When opening, set the options (fourth option to new PDO()):
PDO::ATTR_PERSISTENT => false
When disconnecting:
// We should have no transactions and no locks.
// So we discard them.
try {
$pdo->exec('ROLLBACK WORK');
$pdo->exec('UNLOCK TABLES');
} catch (Exception $err) {
// Send a mail
}
// No cooperative locks. So this will not hurt a bit.
try {
$pdo->exec('DO RELEASE_ALL_LOCKS()');
} catch (Exception $err) {
// Send a mail
}
// Ensure the connection withers on the vine, but not too soon.
$pdo->exec('SET wait_timeout = 5');
// $pdo->setAttribute(PDO::ATTR_TIMEOUT, 5);
// If nothing else works!
// try {
// $pdo->exec('KILL CONNECTION_ID()');
// } catch (Exception $err) {
// // Exception here is expected: "Query execution was interrupted"
// }
// Invoke the garbage collector
$pdo = NULL;
Ask the DB
Another way to get the culprit if you have a recent MySQL, but not too recent since this is going to be deprecated, is (you need privileges again on the information schema)
SELECT * FROM INFORMATION_SCHEMA.INNODB_LOCKS
WHERE LOCK_TRX_ID IN
(SELECT BLOCKING_TRX_ID FROM INFORMATION_SCHEMA.INNODB_LOCK_WAITS);
Actual solution, requiring time and work
The problem is usually caused by this architecture:
webapp (jar, php) --> container or app connection pool (mysqldb, php_module, fastcgi...) --> --> MySQL
When the webapp dies, or the webapp lightweight thread instance dies, the container/connection pool might not. And it is the container that keeps the connection open, so obviously the connection does not close. Quite predictably, MySQL does not consider the operation complete.
If the webapp didn’t clean after itself (no ROLLBACK
or COMMIT
for a transaction, no UNLOCK TABLES
, etc.), then whatever that webapp started doing is still extant, and might still be blocking everyone else.
There are then two solutions. The worse one is to lower the idle timeout. But guess what happens if you wait too long between two queries (exactly: “MySQL server has gone away”). You could then use mysql_ping
if available (soon to be deprecated.

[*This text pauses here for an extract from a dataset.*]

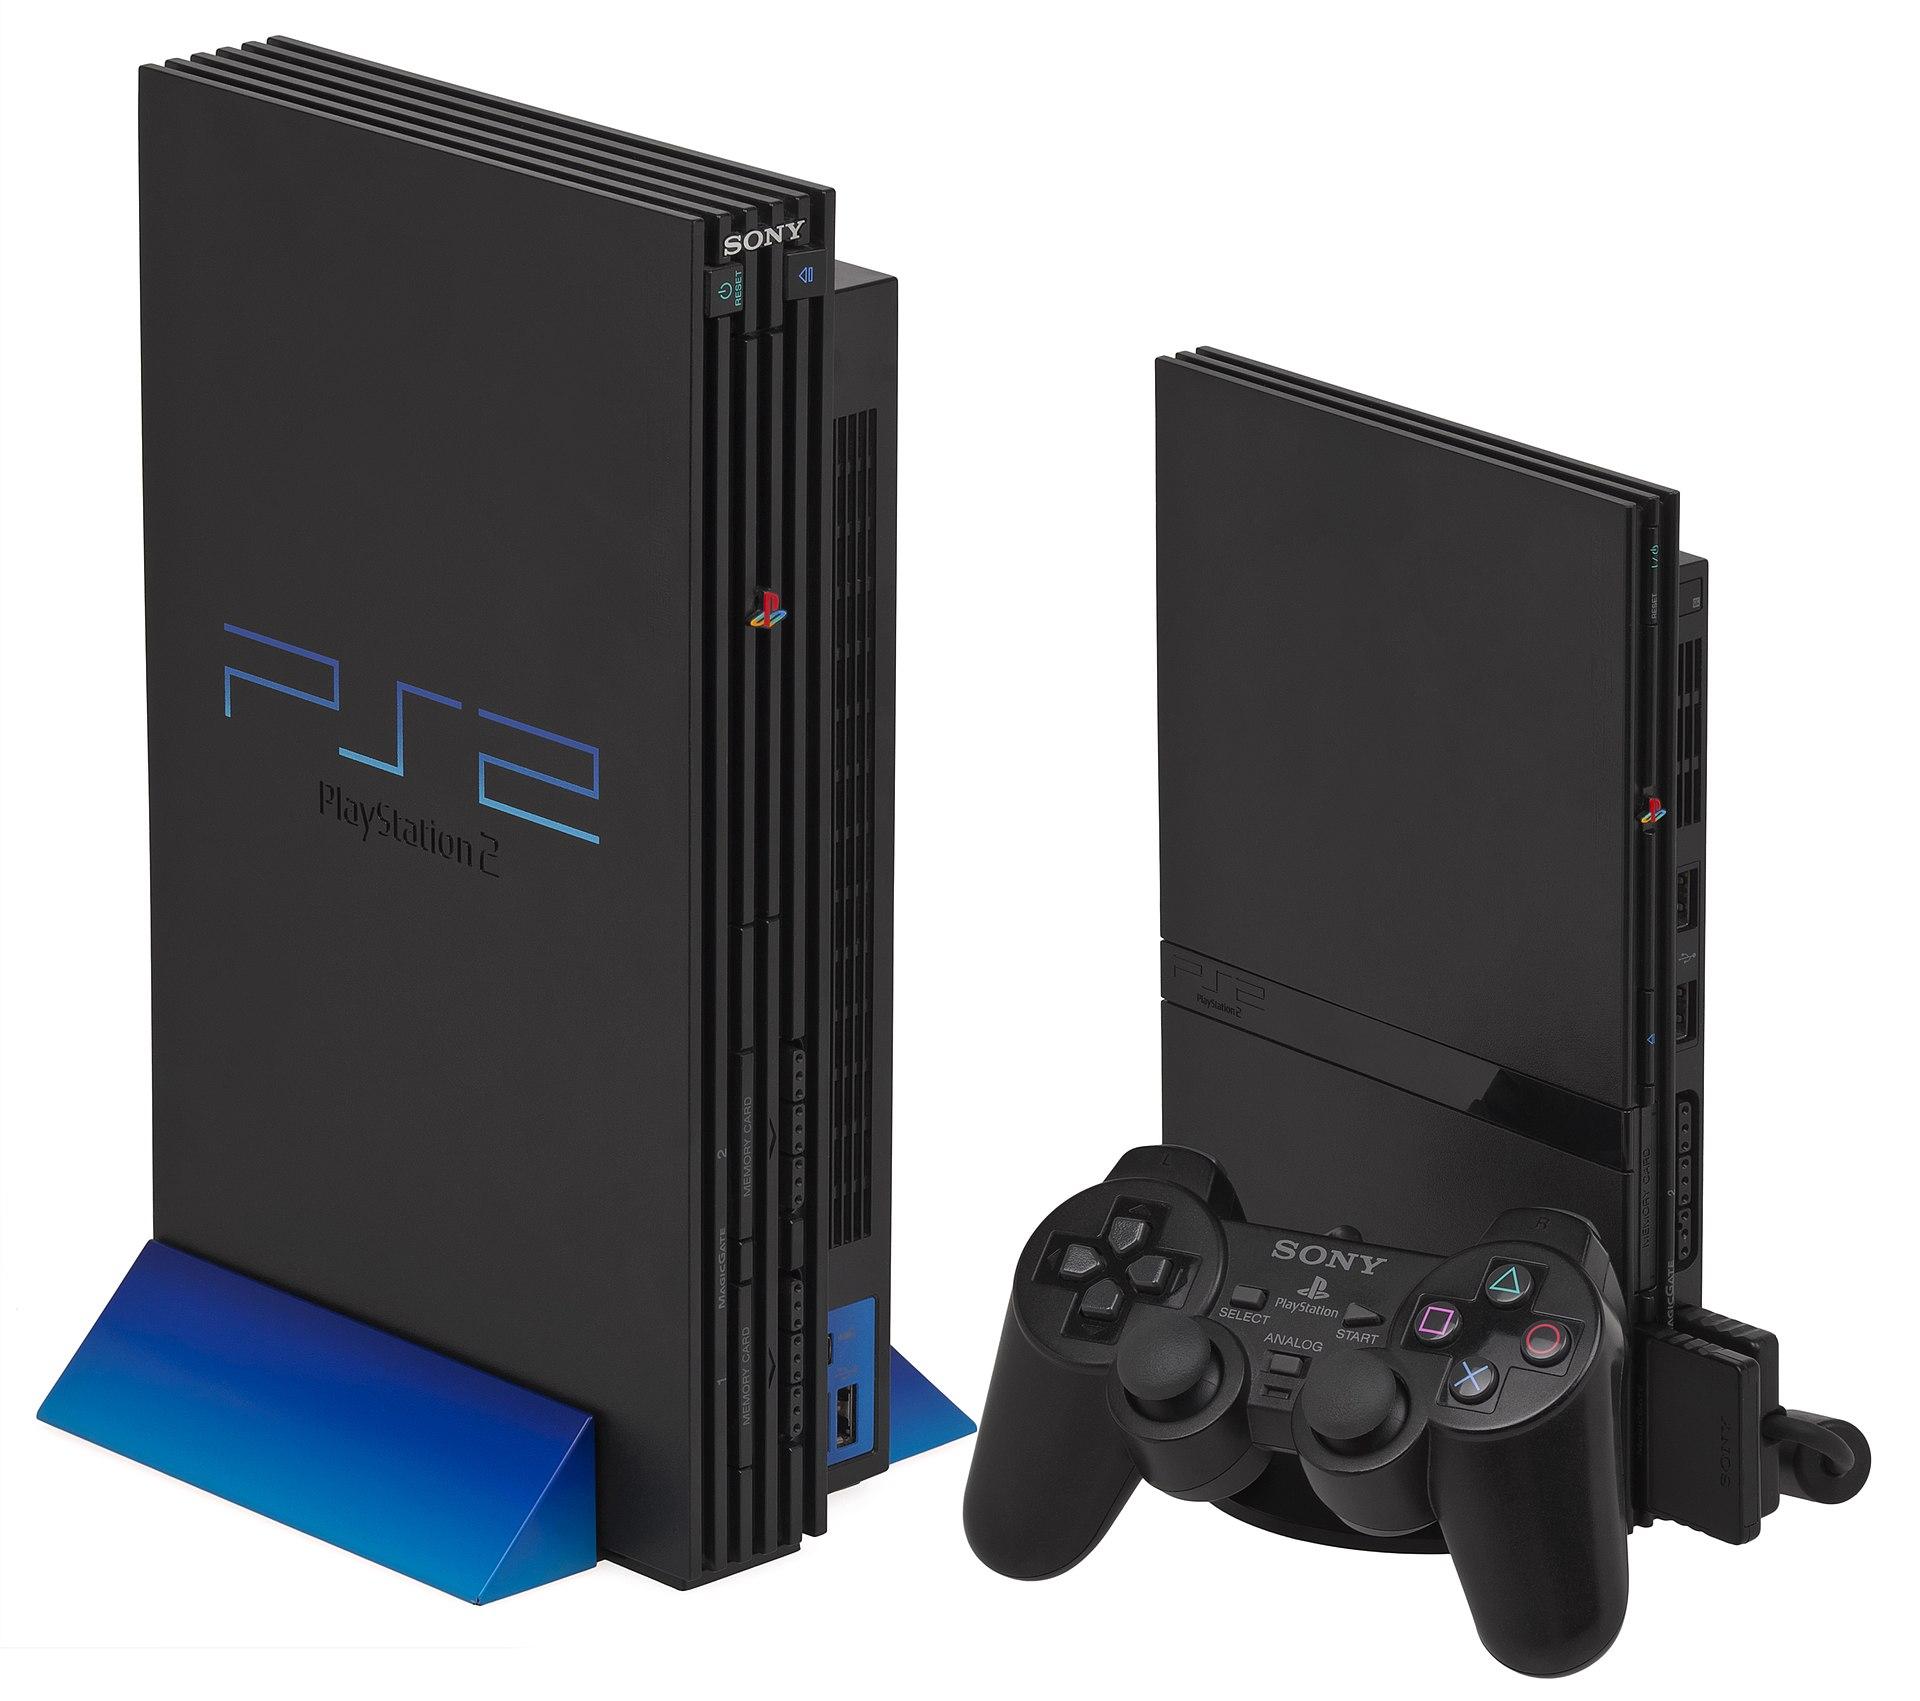 PlayStation 2 - Wikipedia

There are workarounds for PDO. Or you might check for that error, and reopen the connection if it happens (this is the Python way). So – for a small performance fee – it’s doable.
The better, smarter solution is less straightforward to implement. Endeavour to have the script clean after itself, ensuring to retrieve all rows or free all query resources, catch all exception and deal with them properly, or, if possible, skip persistent connections altogether. Let each instance create its own connection or use a smart pool driver (in PHP PDO, use PDO::ATTR_PERSISTENT
explicitly set to false
).
Alternatively (e.g. in PHP) you can have destruct and exception handlers force clean the connection by committing or rolling back transactions (this ought to be enough) and maybe even issuing explicit table unlocks and RELEASE_ALL_LOCKS(), or committing connection suicide (KILL CONNECTION_ID()
) for good measure.
I do not know of a way of querying for extant resultset resources in order to free them; the only way would be to save those resources in a private array.